We are always embarking on projects and initiatives to better understand our heritage. This Sunday Heritage Malta is organising an innovative Open Day and Memory Collection at one of the, maybe, lesser known sites in Malta – Ta’ Bistra Catacombs.
These catacombs have an interesting history, but even some unfortunate mishaps.
Ta’ Bistra Catacombs are so far the largest set of tombs and catacombs which are found outside Rabat, a short distance from Mosta centre. Although the tombs were first recorded in the late 1880s, they were only archaeologically investigated in 1933 by Captain Charles Zammit. This documentation was done since the tombs were meant to be destroyed to make way for the construction of a new road leading to Burmarrad. Interestingly in 2004, Ta’ Bistra Catacombs came once again into the spotlight when archaeological monitoring taking place during road works revealed that these catacombs had not been destroyed after all.
Along the years, a farm was built over the underground tombs and this today serves as the entrance to this archaeological site. Besides adjusting some of the chambers to his personal use and to accommodate some farm animals, the farmer also engraved a number of faces in different parts of the catacombs. Apart from the farm, other development took place in the area, including the construction of a number of semi-detached villas and a main road connecting Mosta to Rabat.
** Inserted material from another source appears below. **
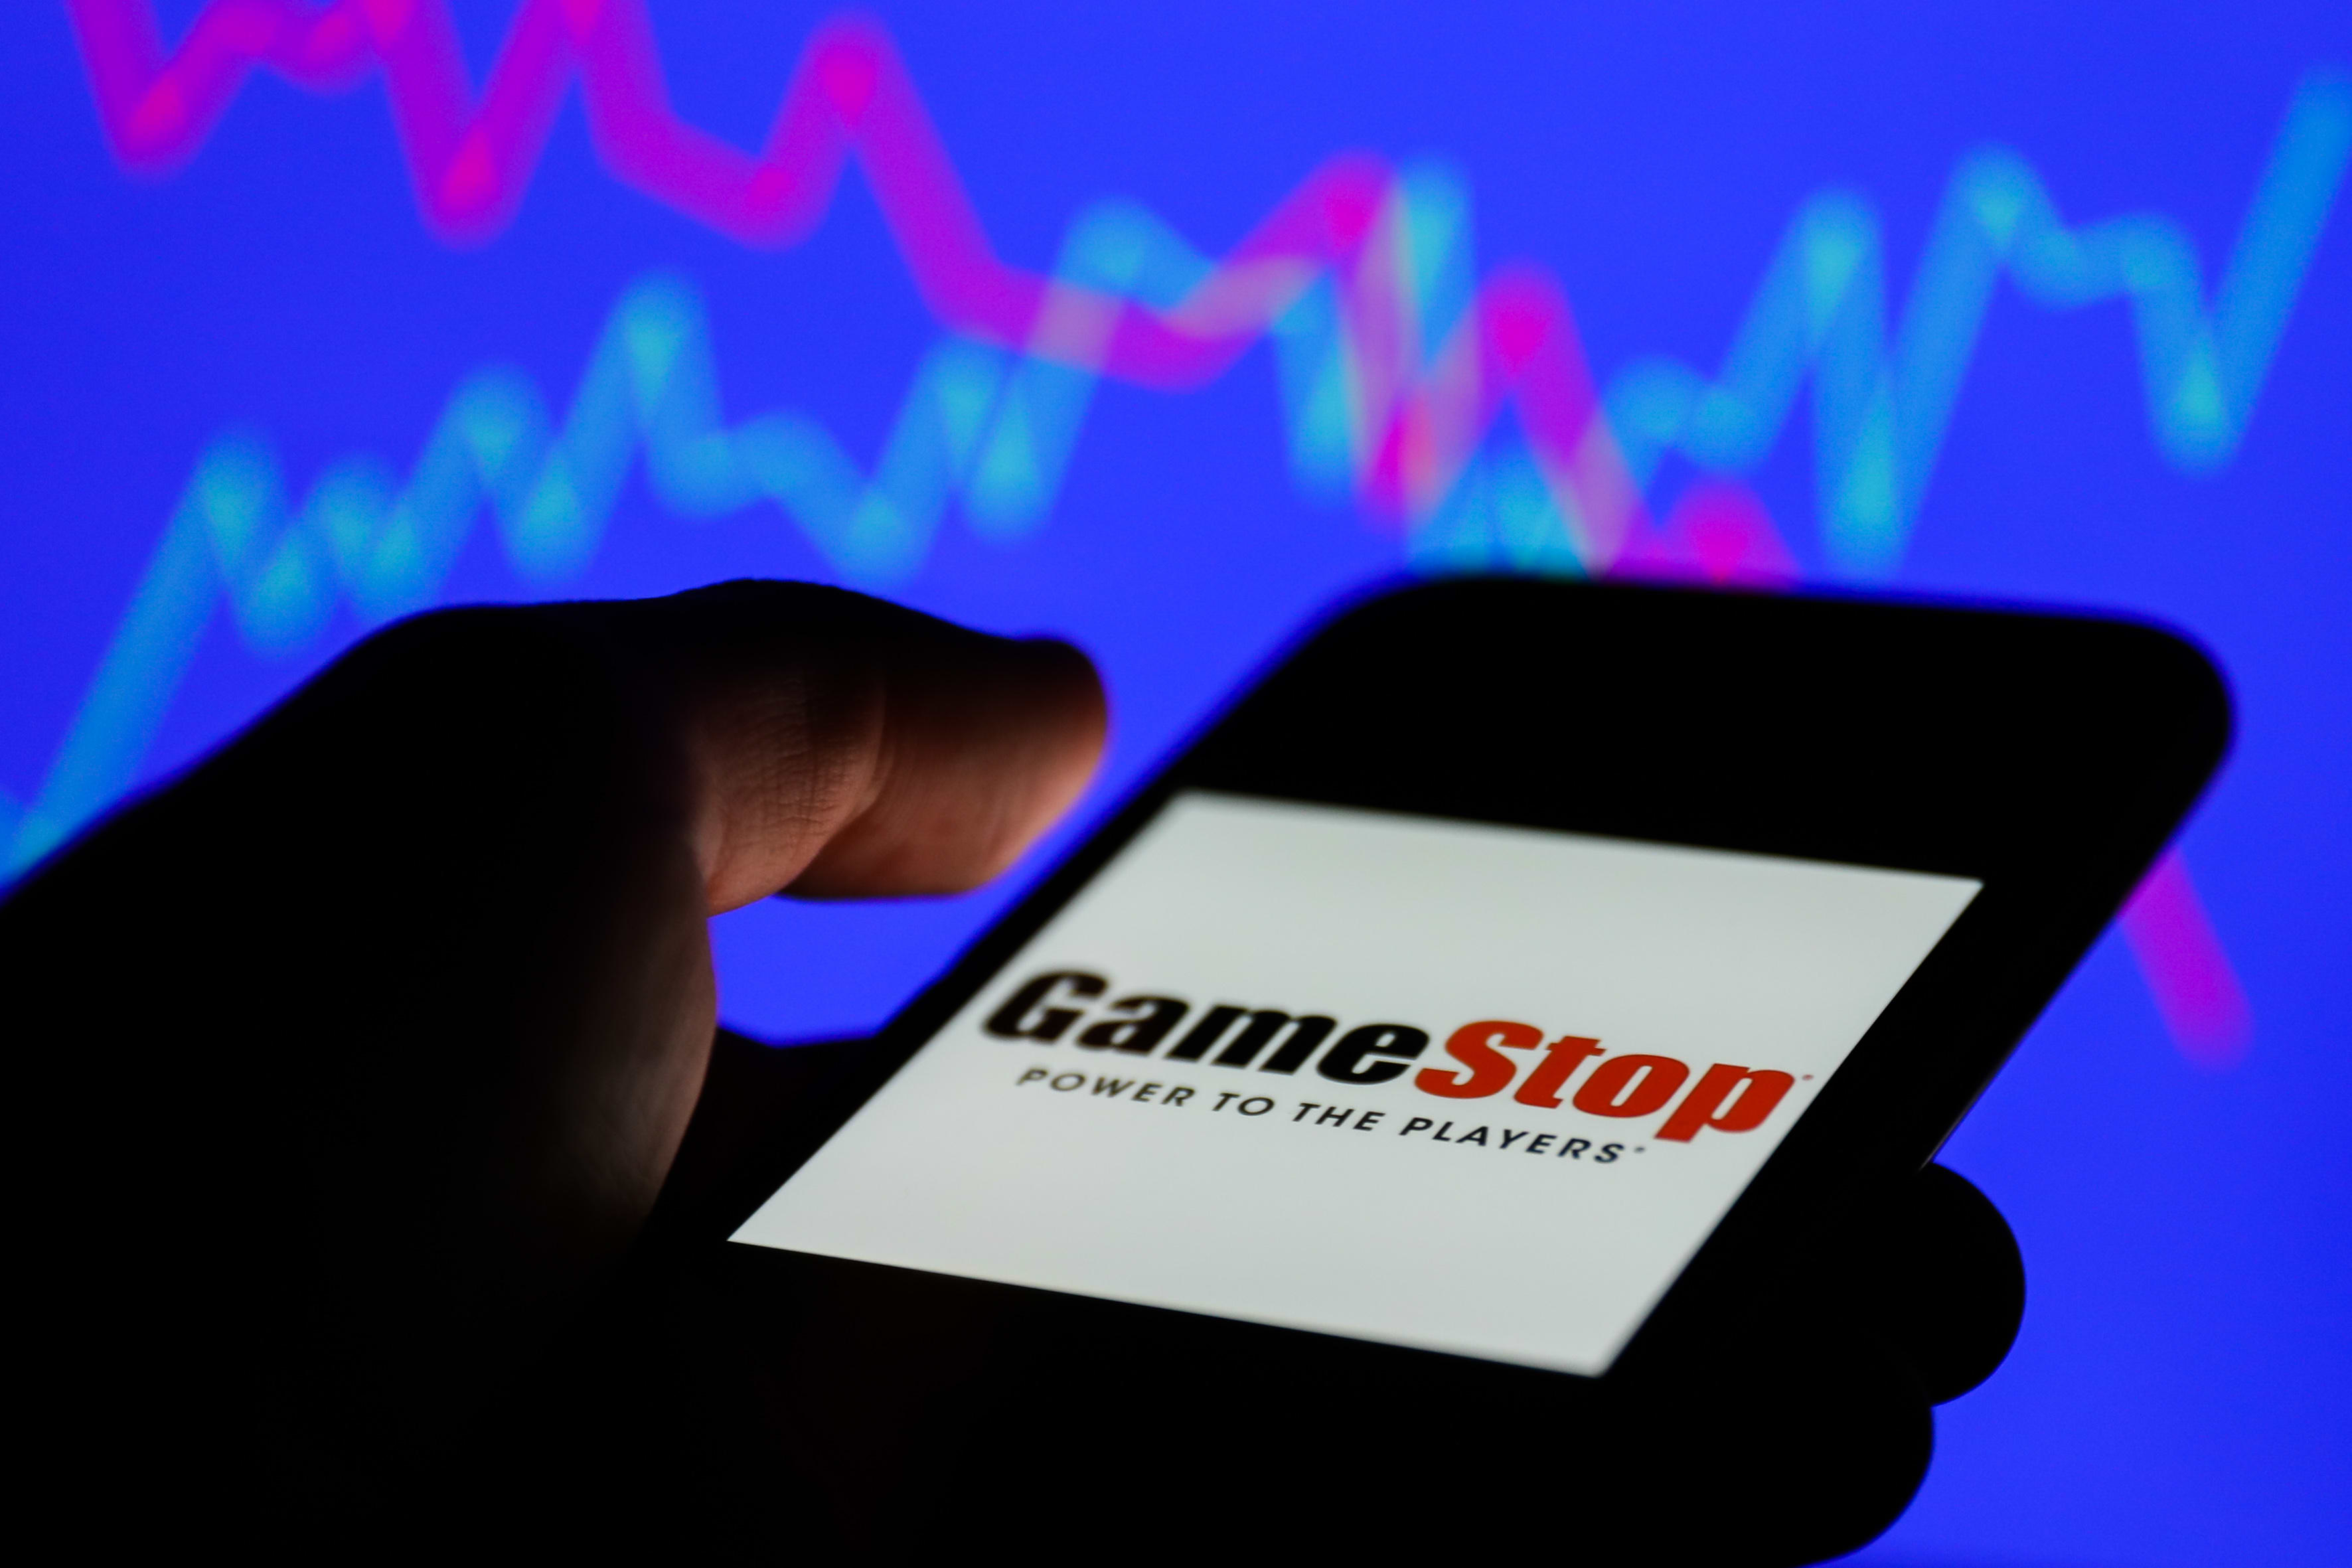 GameStop shares rise in the pre-market as Reddit favorites recover again
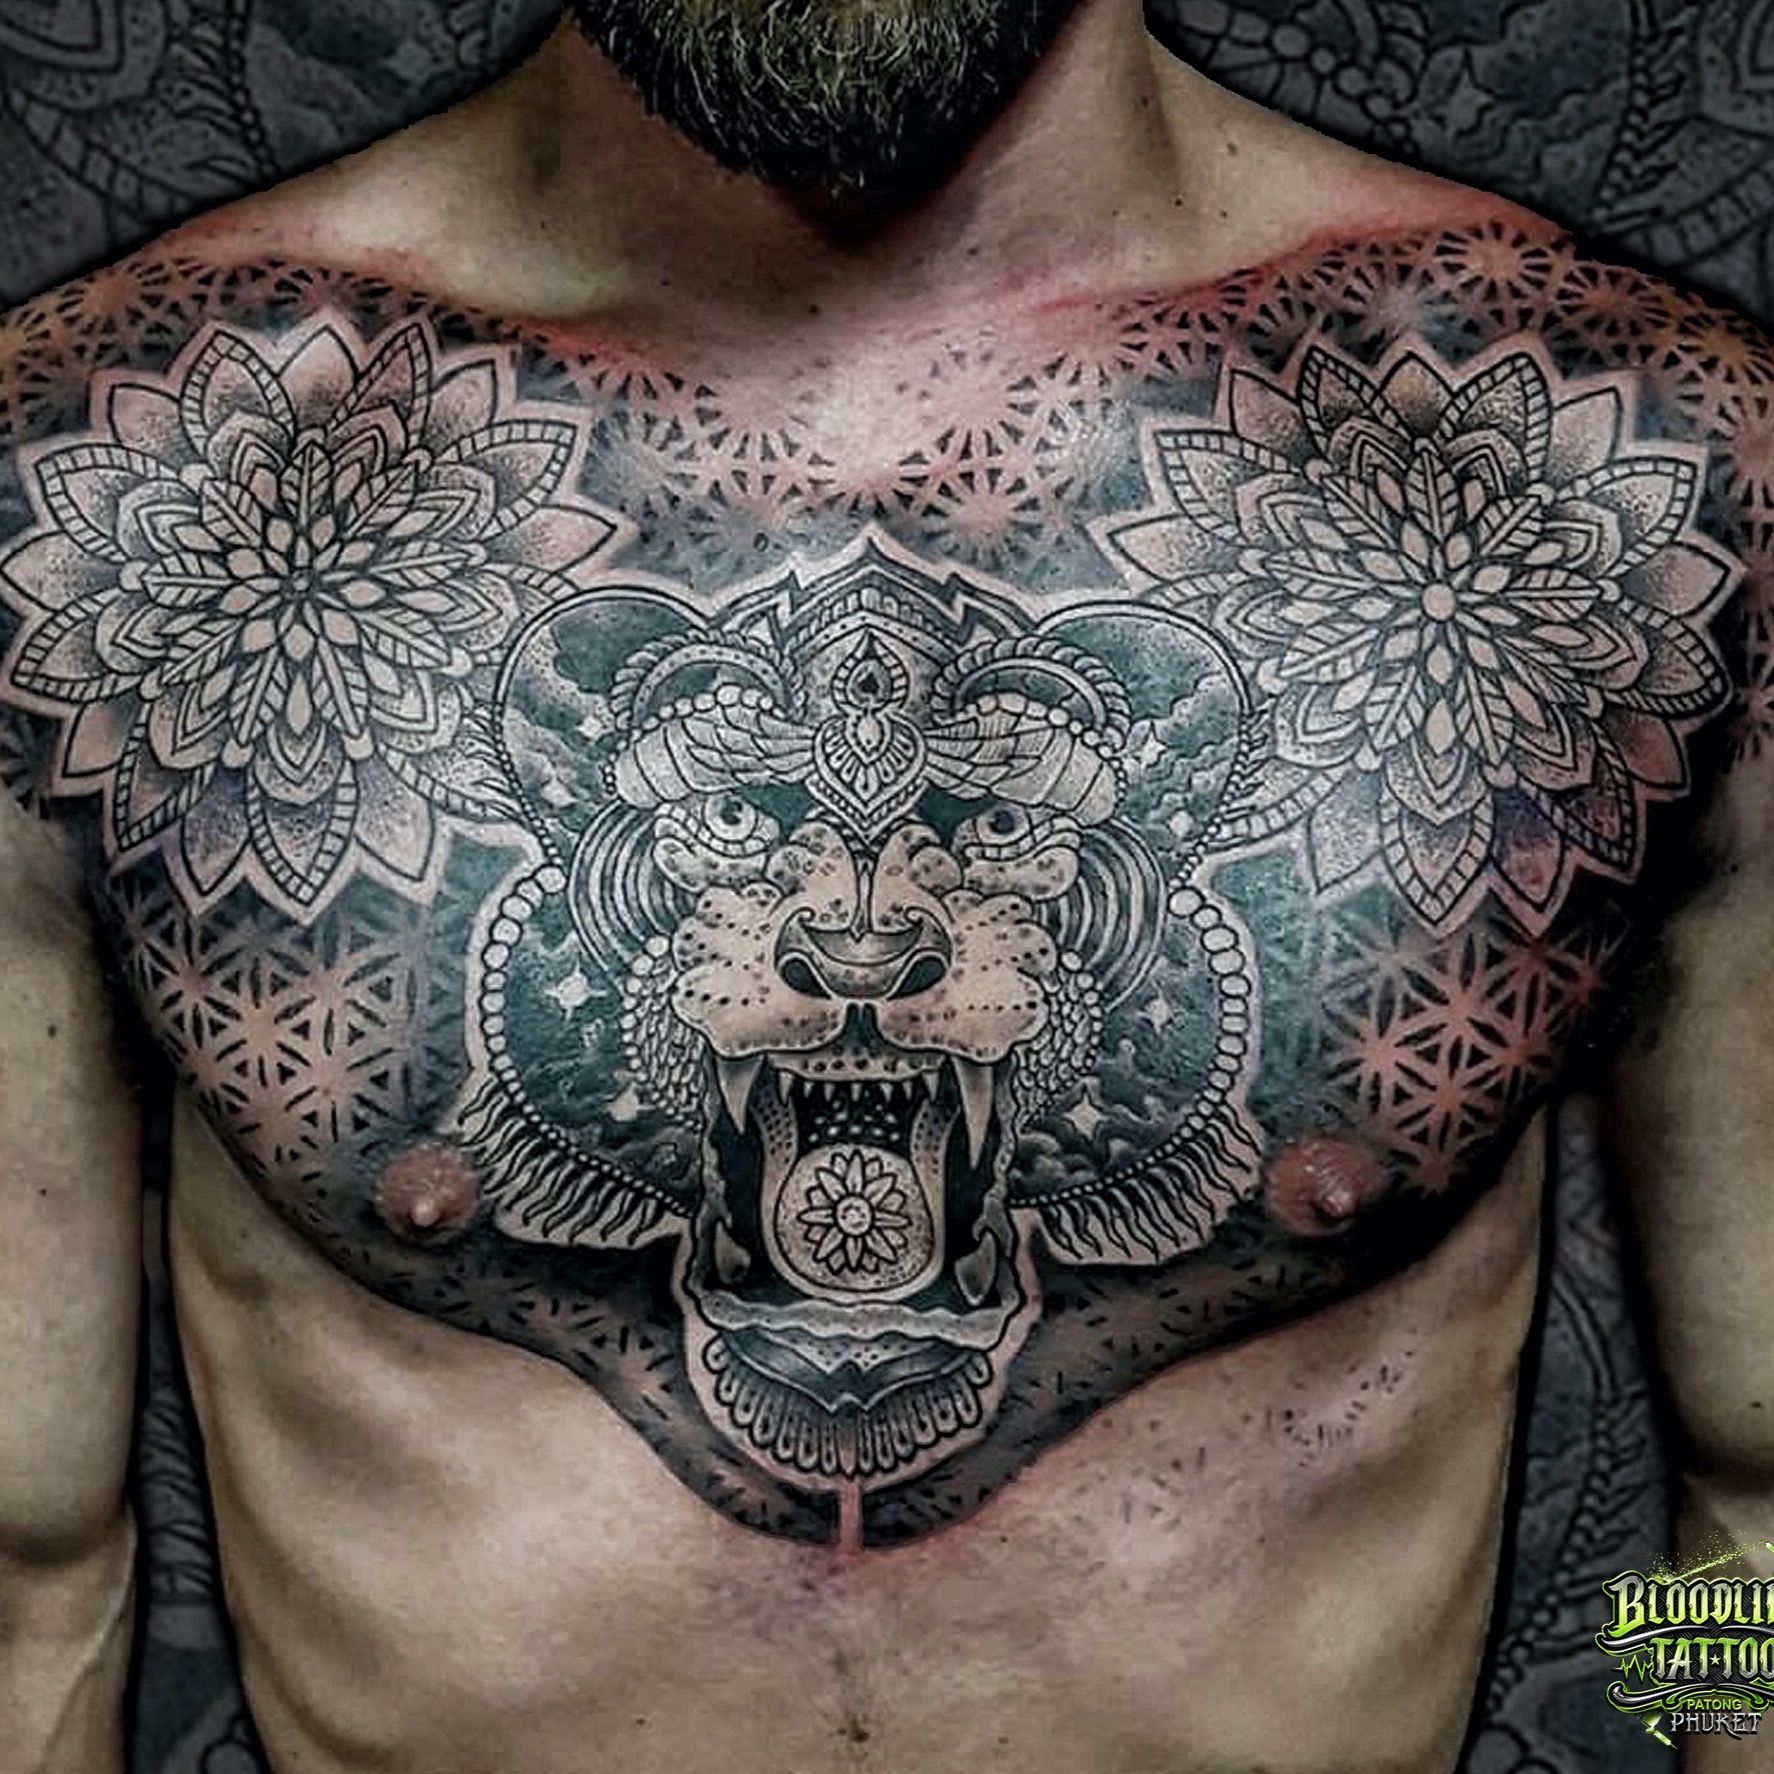 Tattoo uploaded by thomas rousseau  chest chesttattoo tattoochest  geometry geometric geometrictattoo sacredgeometry sacredgeometrytattoo  dotworktattoo dotwork dottattoo blackworktattoo blackwork psychedelic  patternwork patterntattoo

During World War 2, it is believed that the site served as an air-raid shelter for civilians.
Ta’ Bistra Catacombs are thought to form part of a much larger network of tombs and catacombs which may have been partially damaged due to extensive quarrying in the area, particularly for stone related to the building of Mosta’s Rotunda church towards 1833.
In an attempt to recapture the collective memory of those who remember Ta’ Bistra Catacombs and the surrounding landscape as it was in the past, this Sunday between 09:00 and 15:00, Heritage Malta is organising this event during which the public can visit and explore this site for free.
This is also a significant opportunity for those who have any memories or memorabilia of these catacombs to share their narratives and leave their mark at the event, ‘Niftakar Ta’ Bistra’. Heritage Malta is eagerly inviting the public to share their narratives, objects, and old photos of the area. Such collective memory will make it possible to truly understand Ta’ Bistra, not just as an archaeological site, but also as a cultural landscape with a meaning in the lives of those who grew it.
Again I congratulate colleague Helena Dalli for her nomination as new Commissioner for Equality by President-elect Ursula von der Leyen, who presented her team and the new structure of the next European Commission on Tuesday. A very positive nomination for Helena and also for Malta.
I am sure that after making a huge difference in our country with her astounding work in this field, she will also leave her mark in Europe.
Helena Dalli will be Malta’s first ever woman to take up the post in the commission, which will also be led for the first time by another woman.